Хата Суровых стала местом собраний фронтовиков. Никто не знал, что надо делать, как революцию произвести. Кричали до хрипоты, ругались, но к решению не приходили. Что земля должна принадлежать крестьянам, это все понимали, но к чему это, когда земля и без того у хлеборобов, помещиков нет, богатых мужиков немного, и они, вроде, и не против, чтоб землю переделить. Самая большая трудность была в том, что власти, которую можно было бы по-революционному сменить, не находилось. Волостной старшина есть, писарь имеется, урядник сохранился, но у этой старой власти нет желания сопротивляться революции, а из-за этого фронтовики не знали, что им делать, чтоб революцию углубить. А тут еще старый Суров им хода не давал, благо в его хате их сборища происходили. Кричат фронтовики, что сменить нужно власть, а Тимофей спрашивает их – какая же новая власть-то будет? Те отвечают, что вовсе без власти жить можно, а Тимофей начнет перечислять: три десятка сирот на общественном попечении, топку для школ привозить нужно, учителей кормить, больницу Ивана Лукича поддерживать. Кто всем этим будет заниматься, если власть отменится?
Семен однажды поехал в город, вернулся через неделю. Зима уже тогда наступила, но в тот год она была к людям доброй, вьюгами да трескучими морозами не разила. Дня через два после того, как Семен вернулся, в селе все-таки произошла революция, и начало ей было дано в суровском дворе, а самыми видными ее участниками поначалу были дети – видными потому, что они на стенке, словно галчата, сидели, за происходящим во дворе наблюдая.
Двор был полон людьми. Фронтовики явились с винтовками и в солдатских шинелях. Корней щеголял в своем парадном мундире, но погоны снял. Шинель он не надел в рукава, а на плечи накинул, хоть это и не вовсе ловко было. Подходили мужики с ближних и дальних улиц. Люди дымили самосадом, кричали, как всё одно самое главное в революции друг друга перекричать. У всех на языке революция, но все-таки никто толком не знал, как надо поступать. Мужики с надеждой смотрели на фронтовиков – они всё это начали – но вряд ли и тем было ведомо, что делать. Неумение делать переворот, фронтовики скрывали за многозначительными выкриками и намеками, из которых можно было заключить, что им всё известно, всё они могут, и нет для них более знакомого дела, чем революцию совершать.
Но надо было, наконец, что-то предпринимать. Выкатили на середину двора старую бричку. На нее однорукий Семен поднялся. Он рассказал о событиях в городе. Читал прокламацию городского совета каких-то там депутатов. В прокламации говорилось, что надо брать власть в свои руки. Но как ее брать? Власть – штука невещественная, ее и пощупать-то нельзя. Как взять ту власть, за какое место взять и чем взять? Если бы кто-нибудь сопротивлялся, тогда другое дело, а тут даже никакой захудалой контры не находится, и оттого революция как-то не получается.

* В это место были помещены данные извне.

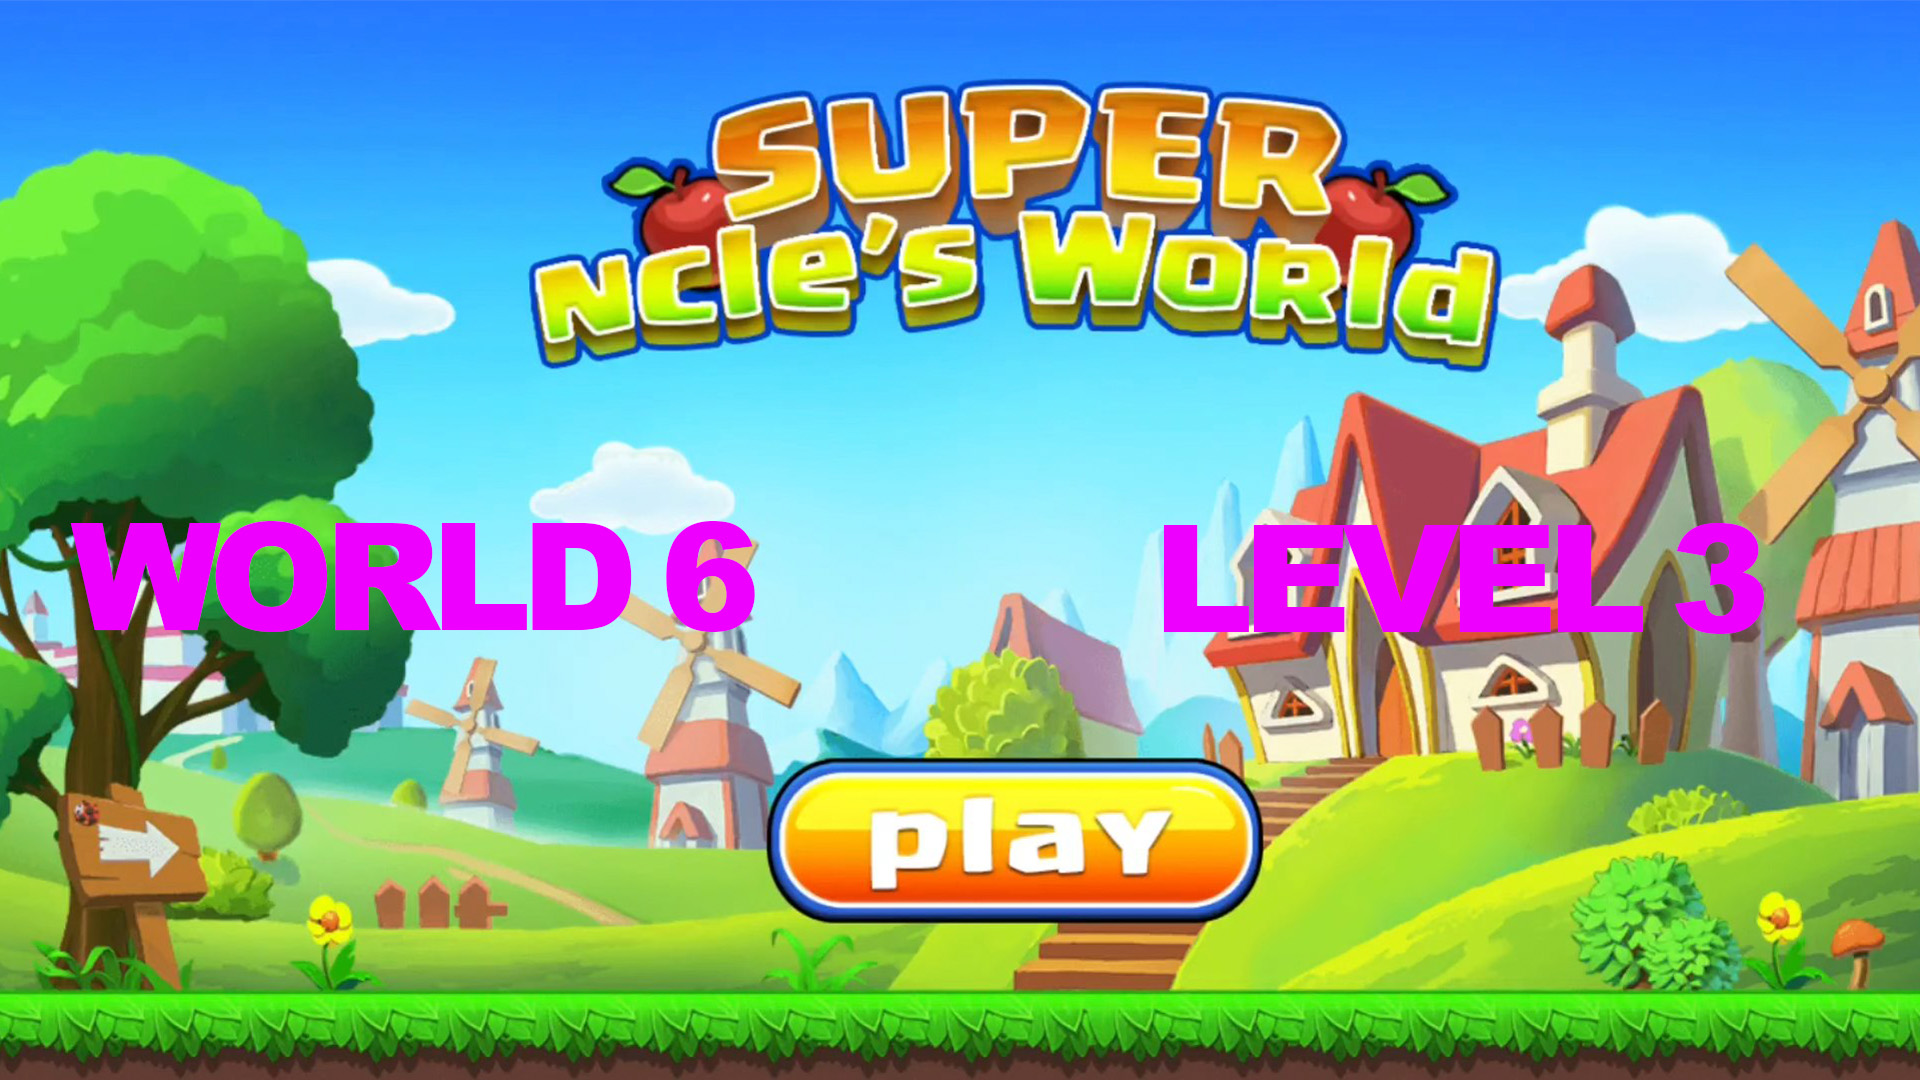 Super ncle's  World 6. Level 3

После Семена, говорили фронтовики. Самые запальчивые требовали, чтобы революция была похожа на настоящую революцию, а не на черт-те что, а для этого надо немедленно кого-нибудь расстрелять. Худой фронтовик, отравленный на фронте газами, поднялся на бричку. Он говорил, что ликвидировать надо вредный класс. А так как вредный класс это церковный староста Гаврило, отказавшийся отпускать фронтовикам в долг самогонку, которую он гнать великий мастер, то надо Гаврилу изгнать из села, або расстрелять. Богатых мужиков не трогать, но обложить налогом. Солдат исходил в крике:
«Братва! За что кровь проливали? Пока мы на хронте страждали, они дома сидели, и Гаврила им самогонку гнал. Революция должна всех к едреной матери уравнять. И пусть они, гады, по три ведра самогонки-первача ставят для революционных хронтовиков».

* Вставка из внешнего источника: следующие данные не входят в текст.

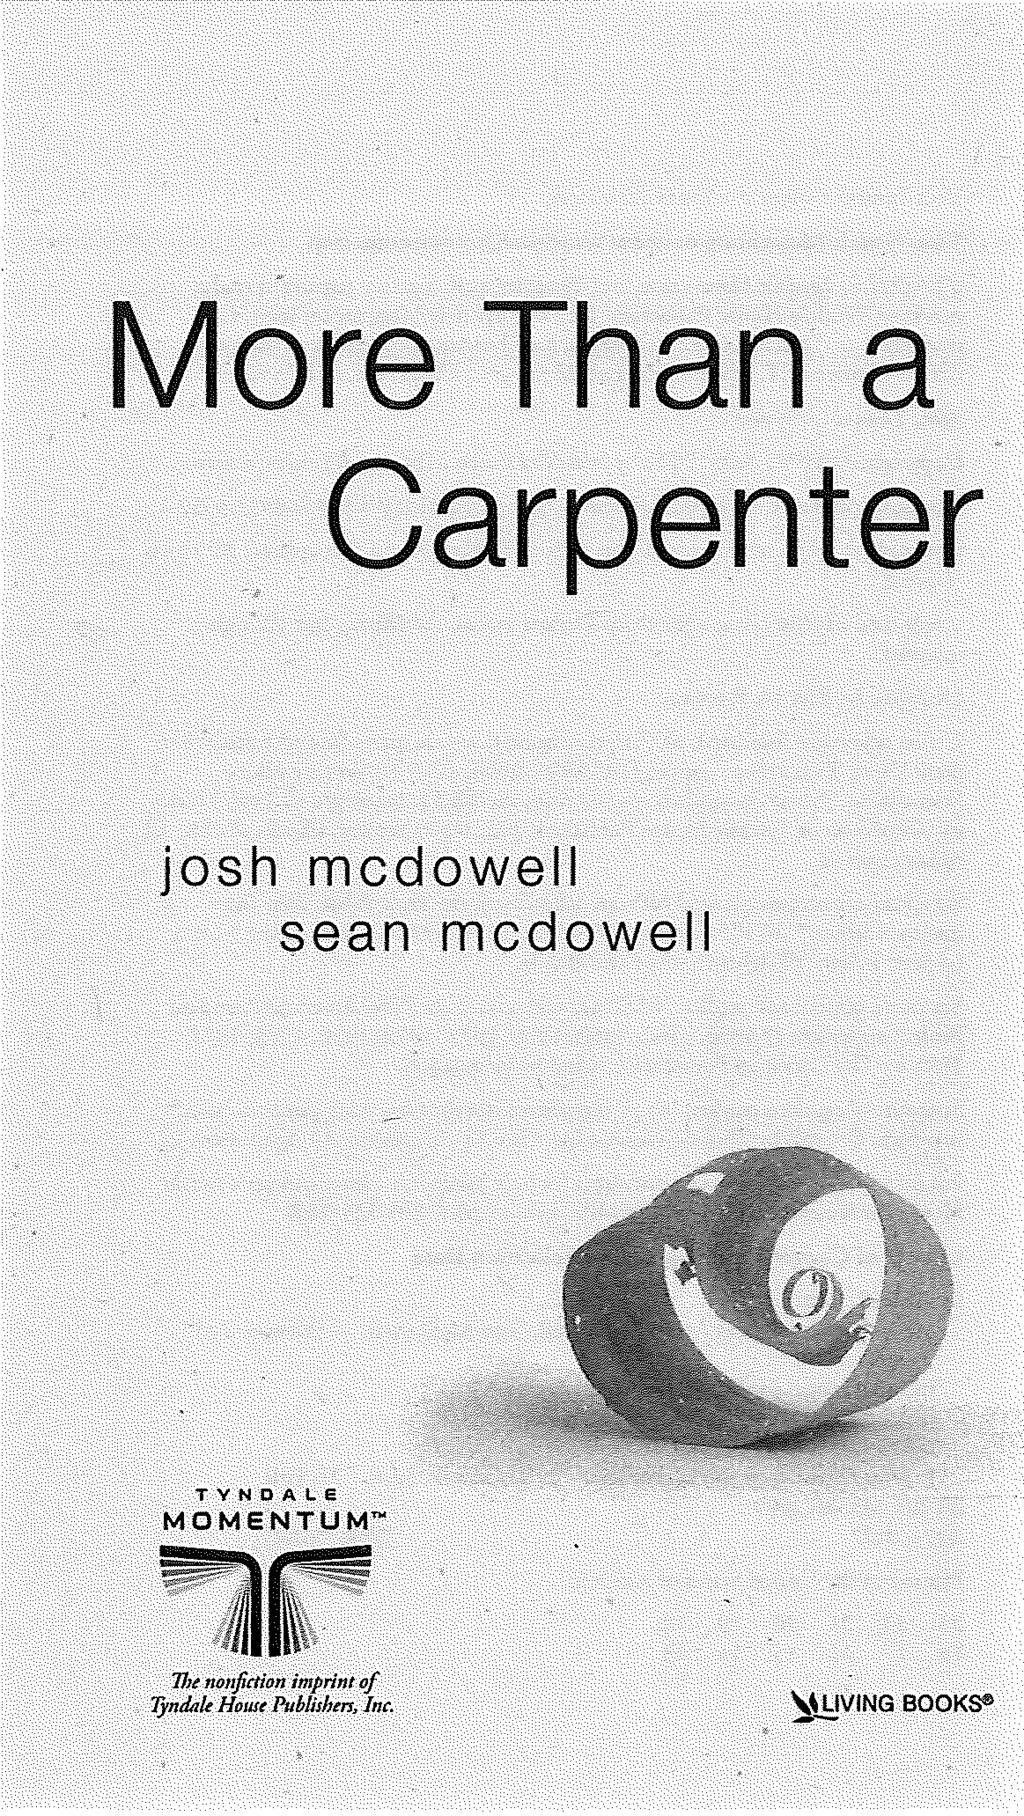 More Than a Carpenter josh mcdowell sean mcdowell TYNDALE MOMENTUM~

Когда нашумелись, накричались до хрипоты, старики заговорили. Человек с апостольской бородой – узкой и длинной – долго мялся на бричке, прежде чем начать речь. Зажиточный хлебороб Фролов. Пришел в суровский двор с двумя сыновьями-фронтовиками революцию делать. Не сомневался, что переворот нужен, хотел помогать ему. Расправив бороду, зычным голосом обратился к народу:
«Всё от Бога и свобода от Него. По Божескому надо поступать, никого не обижать, чтоб каждому, значит, его место было отведено. Оно по три ведра самогонки поставить вполне возможно, я сам с превеликим удовольствием поставлю, но только в революции не это главное».

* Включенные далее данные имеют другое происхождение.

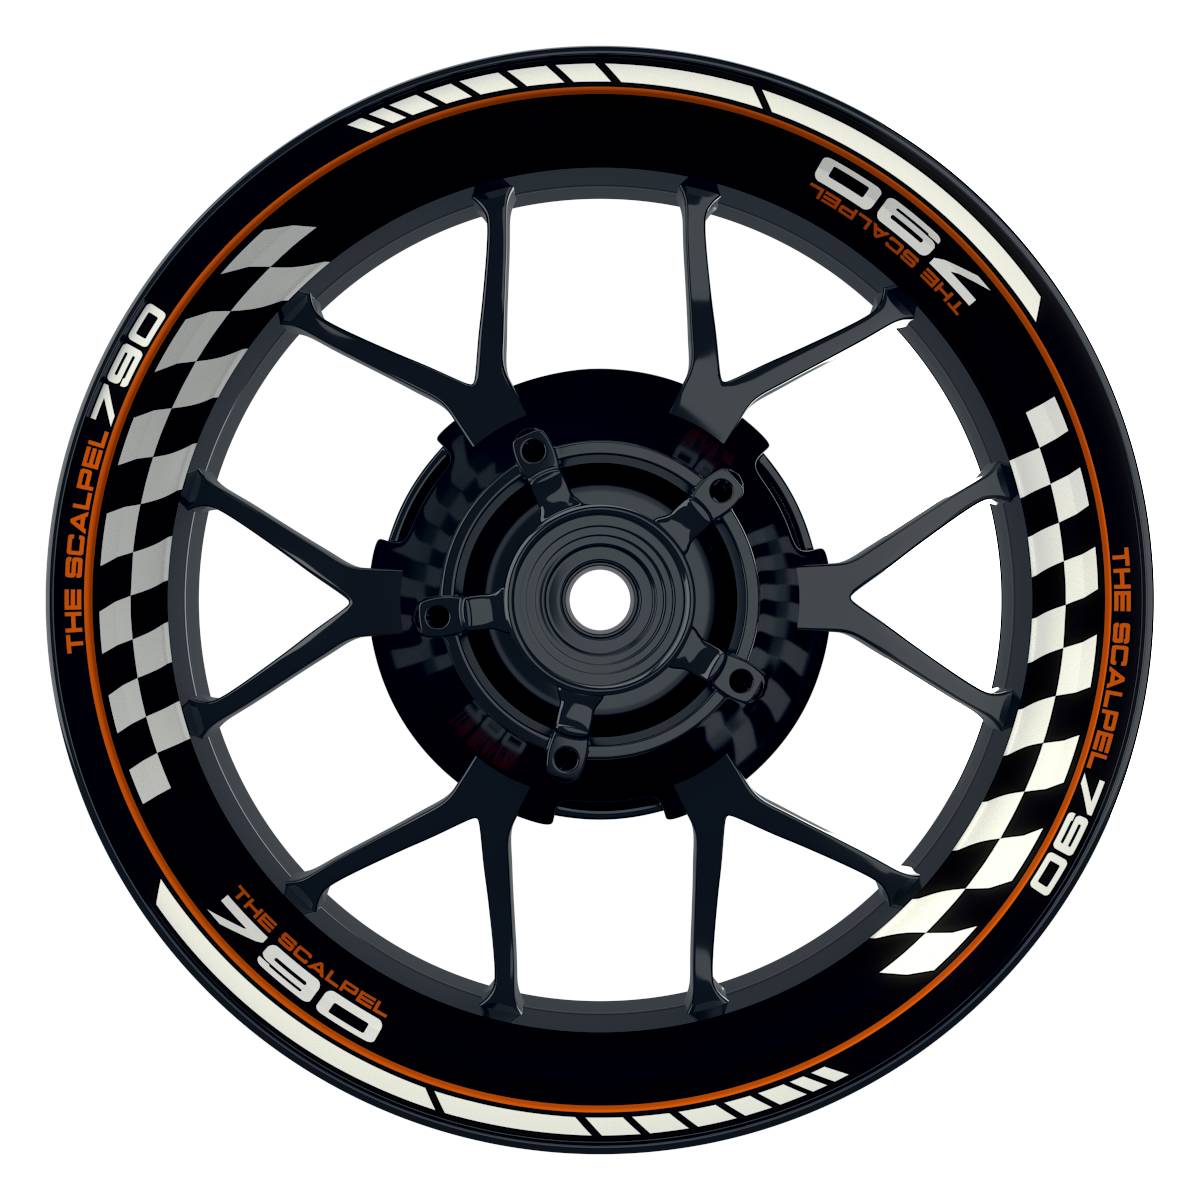 THE SCALPEL 790 Grid schwarz orange Wheelsticker Felgenaufkleber

Старику не дали сказать, что же главное в революции. Услышав, что он согласен поставить самогонку, воспламененные фронтовики стащили его с брички и начали качать. Бросали высоко, ловили на руки и опять бросали. Разлеталась апостольская борода, при каждом взлете старик крестил побледневшее лицо, а фронтовики кричали:
«Качай его, братва! Мы завсегда знали, что сознательный он старик, революционный старик!»
Вместе с фронтовиками кричали и дети на стене – радостное возбуждение, созданное во дворе речью Фролова, передалось и им. Не скоро они угомонились бы, да их внимание отвлекло появление всадника. Он слез с коня у ворот, накинул поводья на колышек и вошел во двор.
«Это к Корнею», – пояснил Марк. – «Они вместе воевали. Тыщу германцев убили, а може больше».
В семье Суровых человека, приехавшего тогда ко двору, знали, и так как он в нашей повести время от времени будет появляться, то тут мы о нем сразу и расскажем. Был он из соседнего села, что в тридцати верстах находится. Фронт сдружил его с Корнеем. Служили они в одном полку, вместе отличились в бою, в один день получили унтер-офицерские нашивки и георгиевские кресты. Вместе и домой вернулись, когда стал распадаться фронт и везде заговорили о революции, а когда вернулись, он стал часто наезжать к Корнею.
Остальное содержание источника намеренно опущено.